Exercise directions →
What you return should be the full listing, copied exactly and stripped of its pictures.

Data provided →
Segment Open

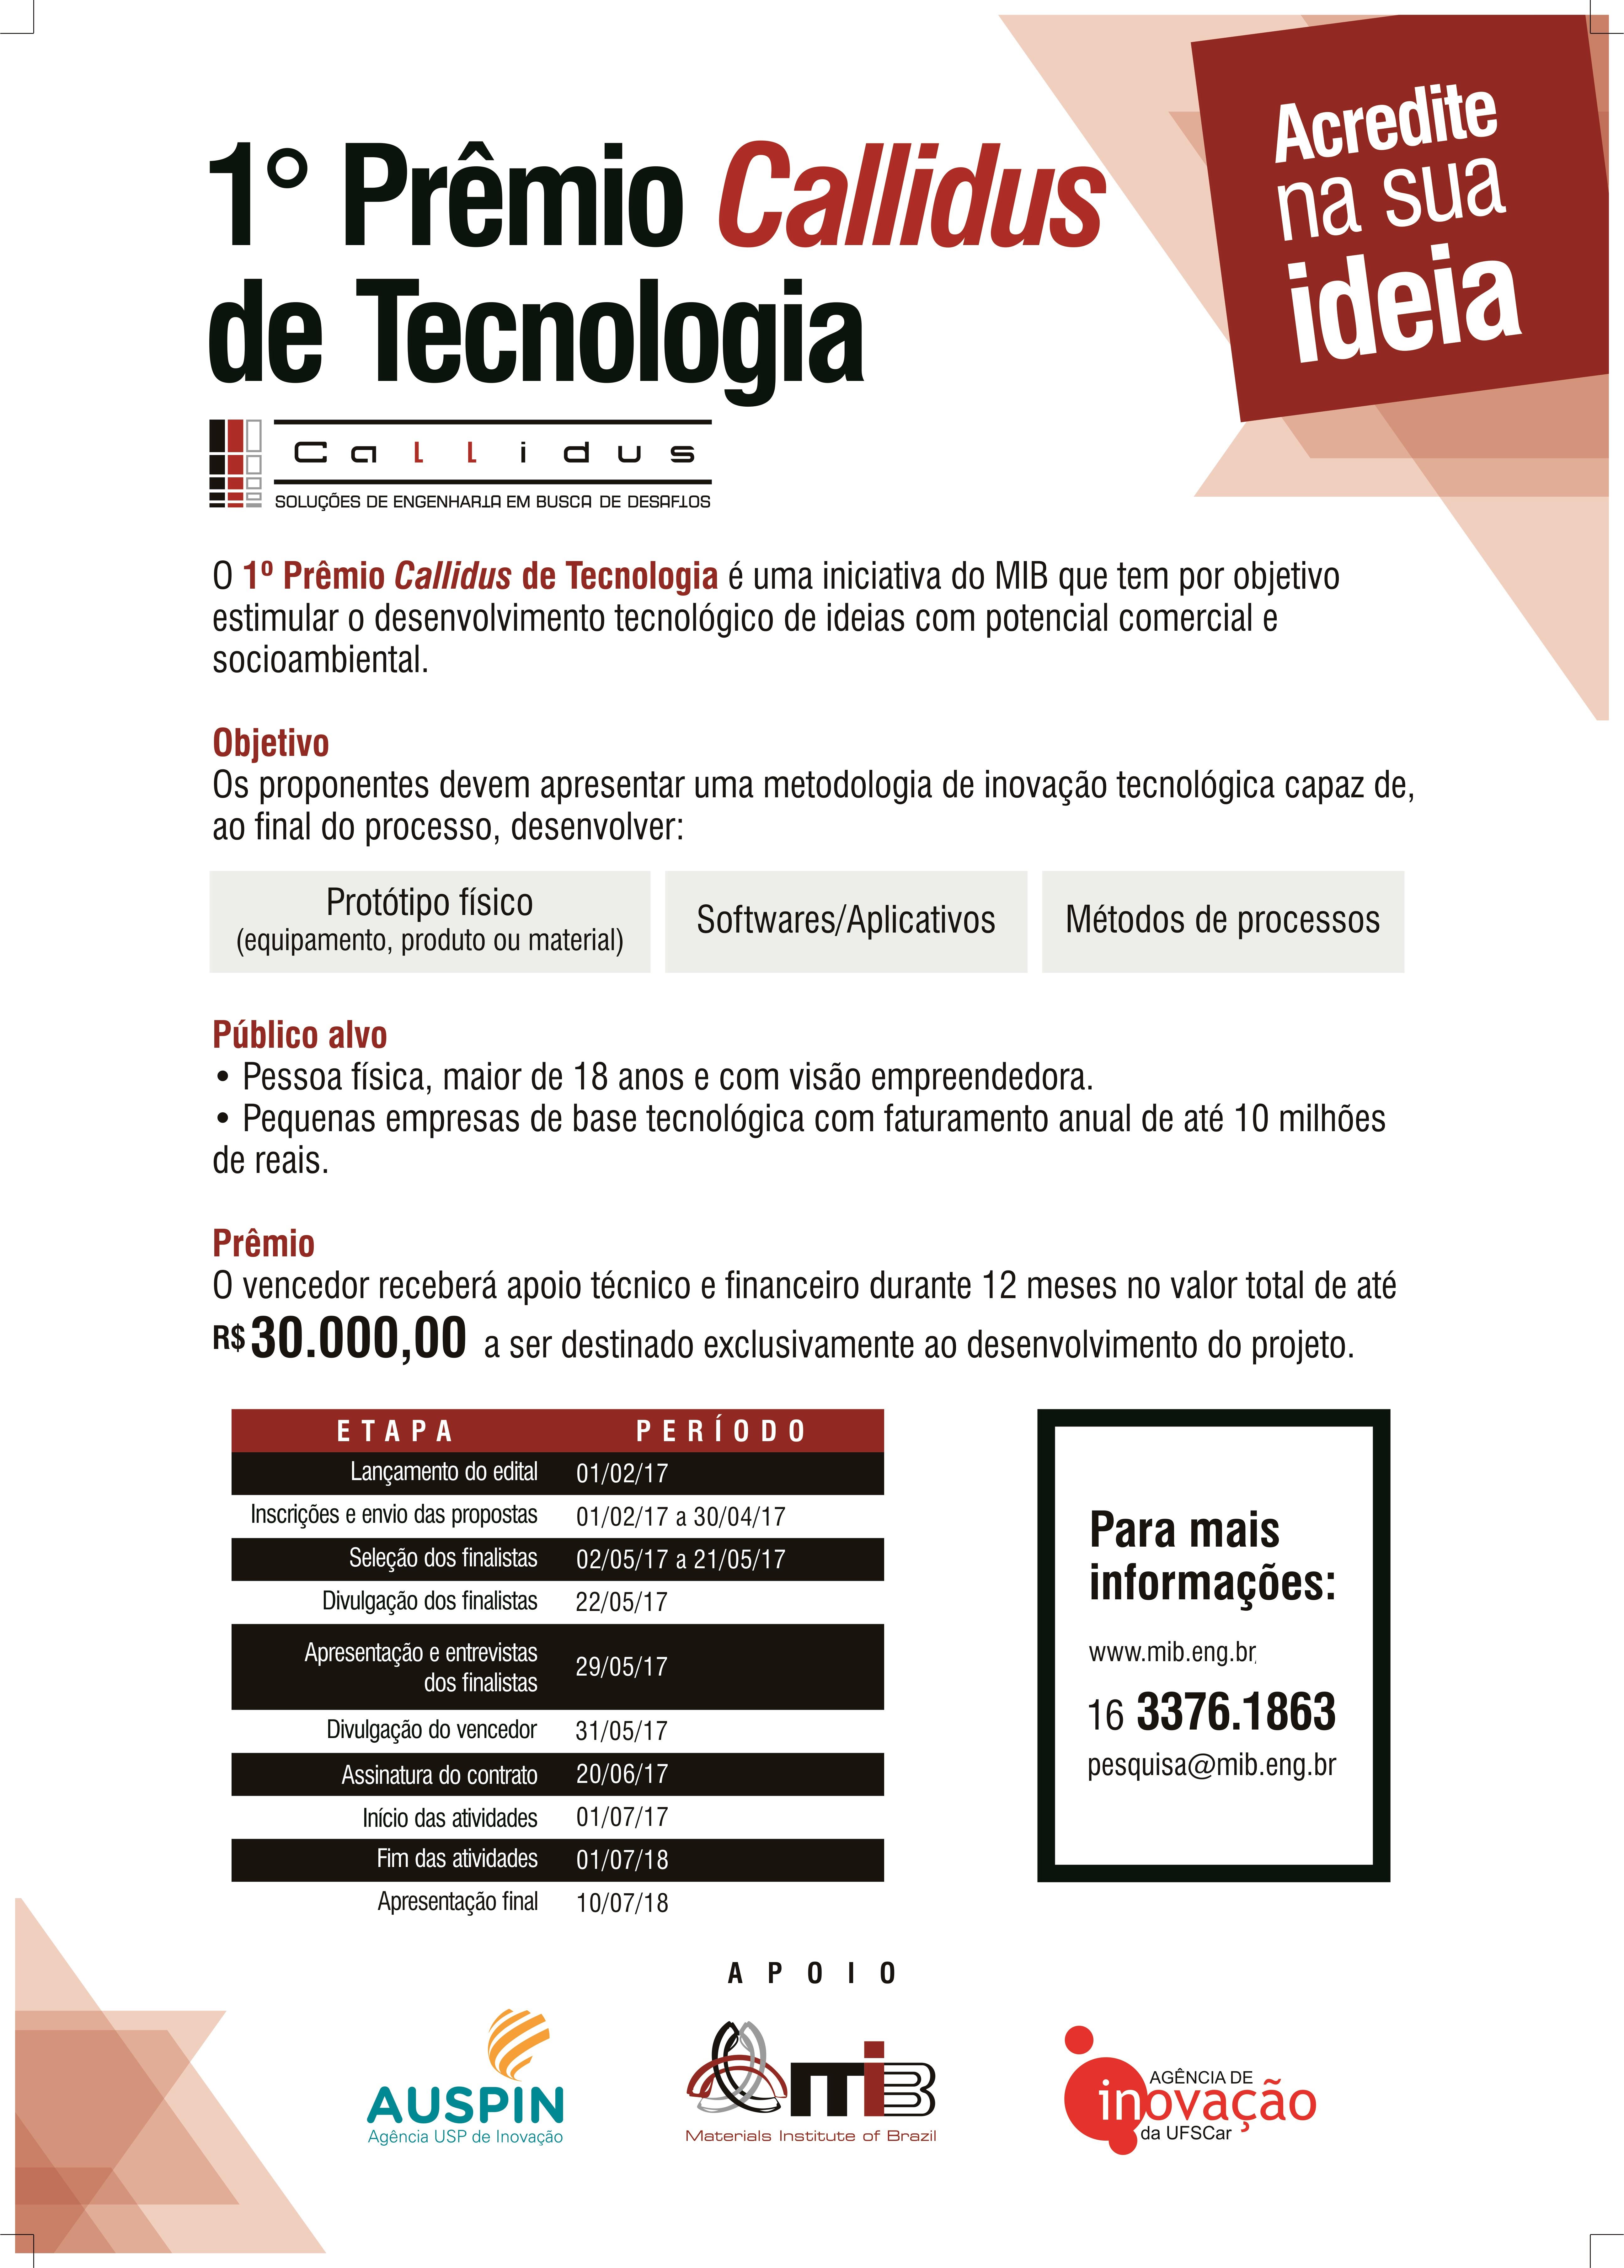 1º Prêmio Callidus de Tecnologia (1)
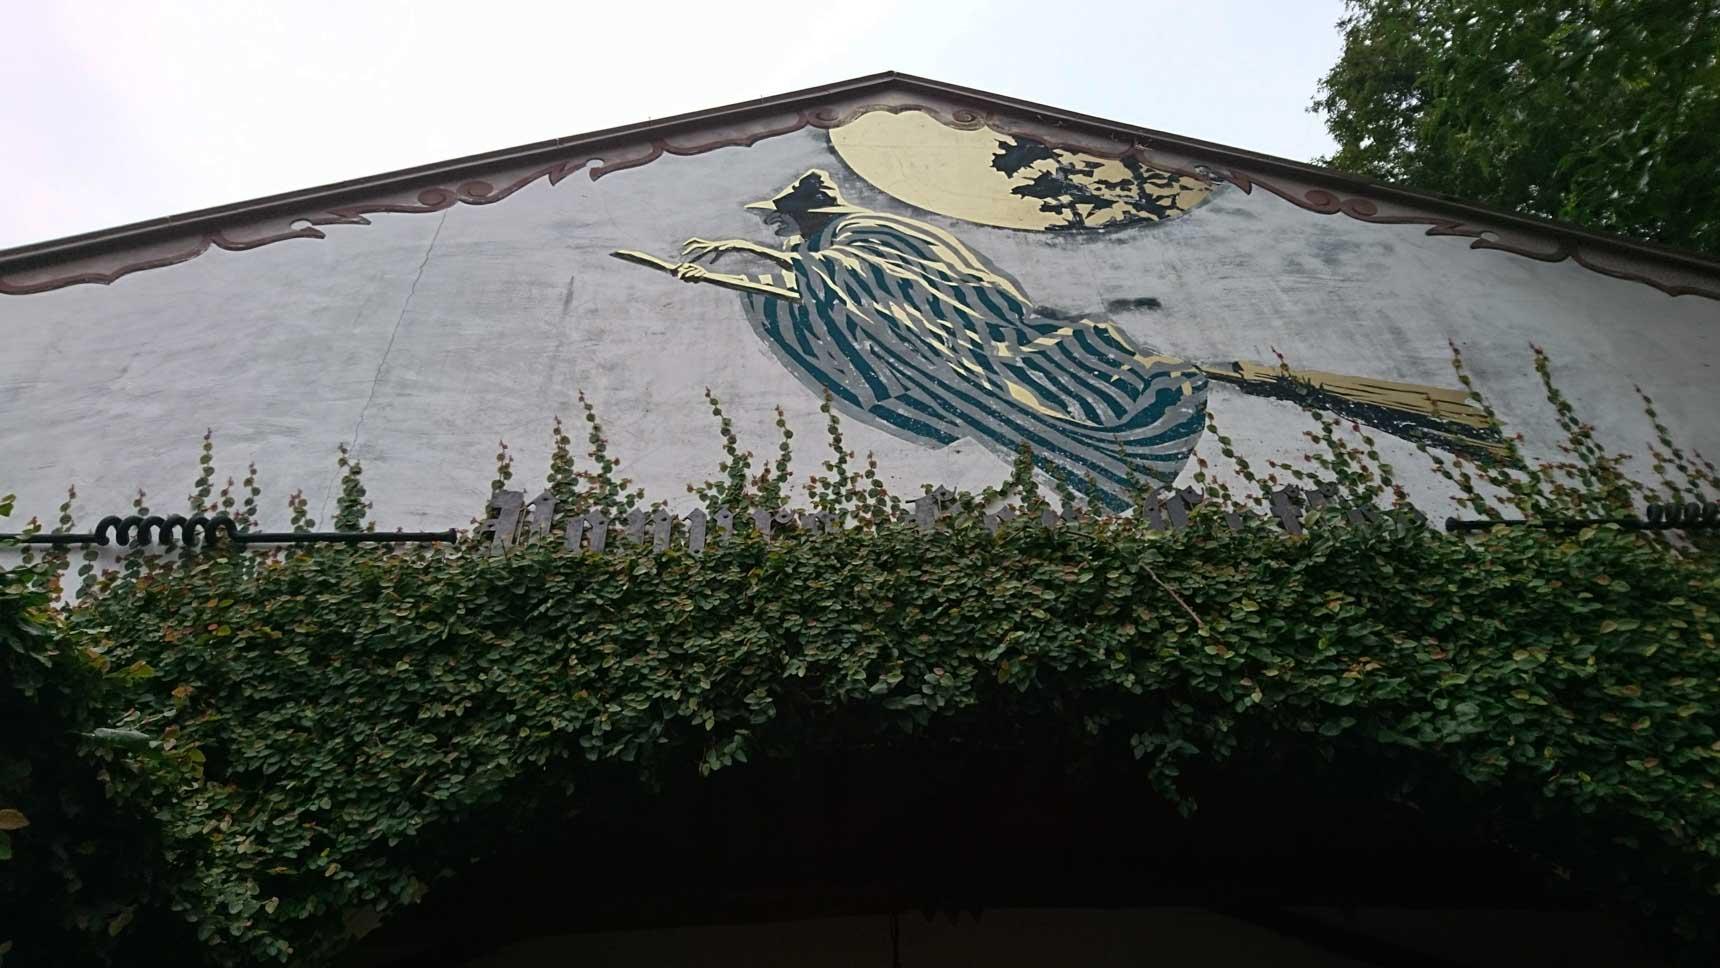 外壁に描かれた魔女の絵がお出迎え。グリム童話の「命の水」がモチーフになっているそう
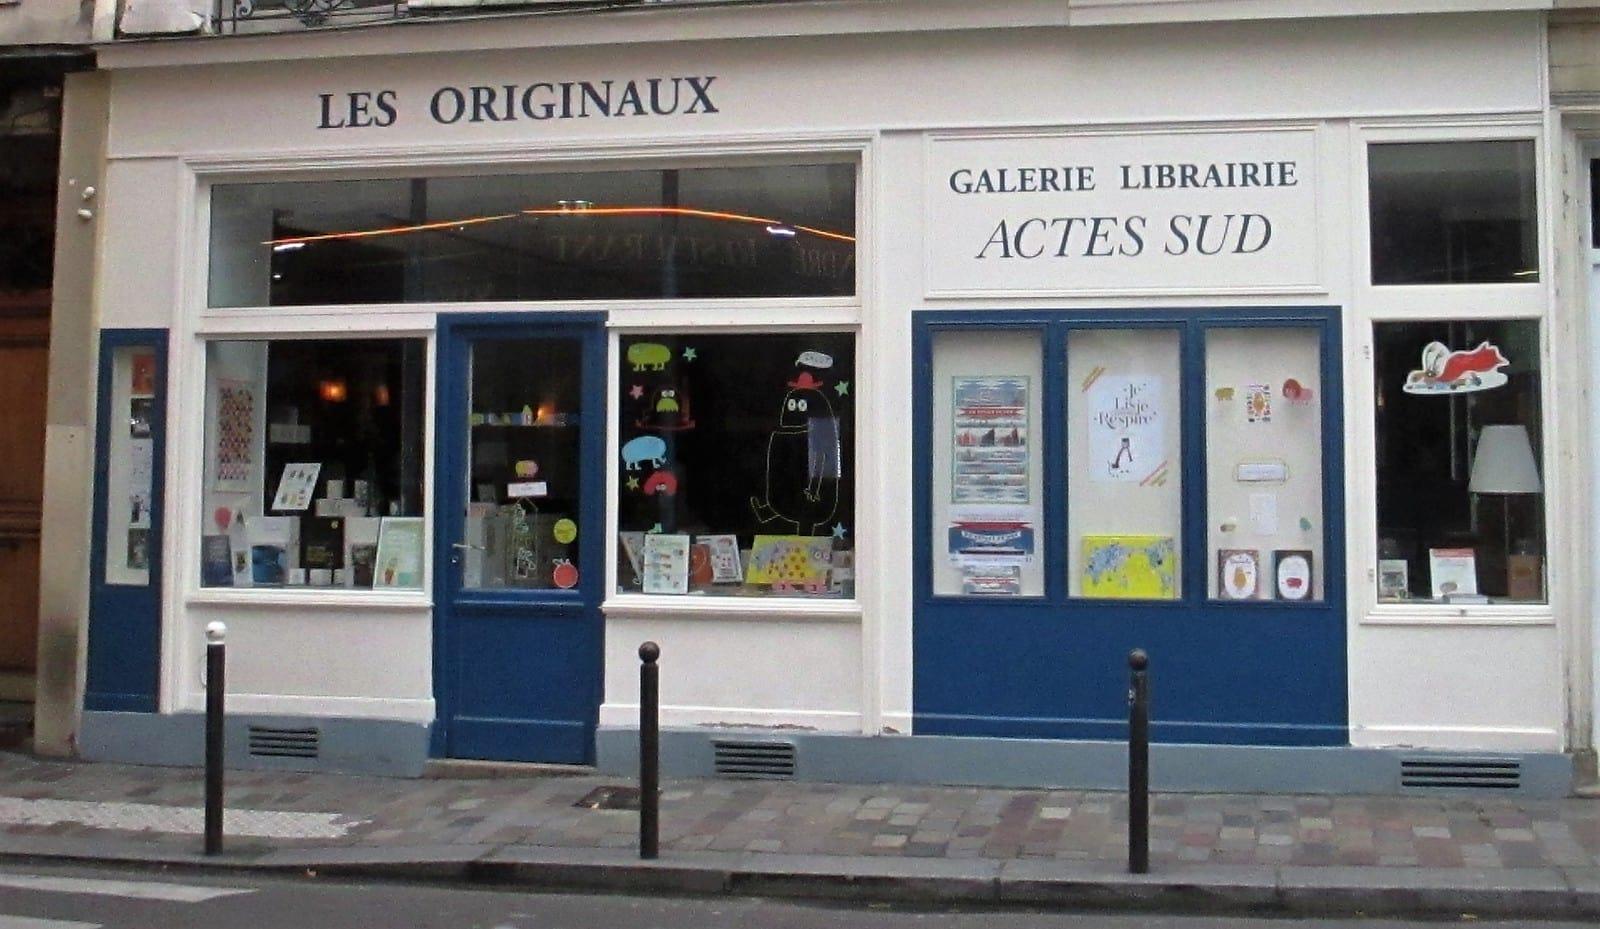 16bc96321e724 .com, era o nome de uma loja na Rue Jacob por onde passei hoje à tarde. A  loja estava para alugar. Provavelmente o negócio de realizar o sonho de  quem quer ...

Segment Closed

Task output →
 1º Prêmio Callidus de Tecnologia (1)
 外壁に描かれた魔女の絵がお出迎え。グリム童話の「命の水」がモチーフになっているそう
 16bc96321e724 .com, era o nome de uma loja na Rue Jacob por onde passei hoje à tarde. A  loja estava para alugar. Provavelmente o negócio de realizar o sonho de  quem quer ...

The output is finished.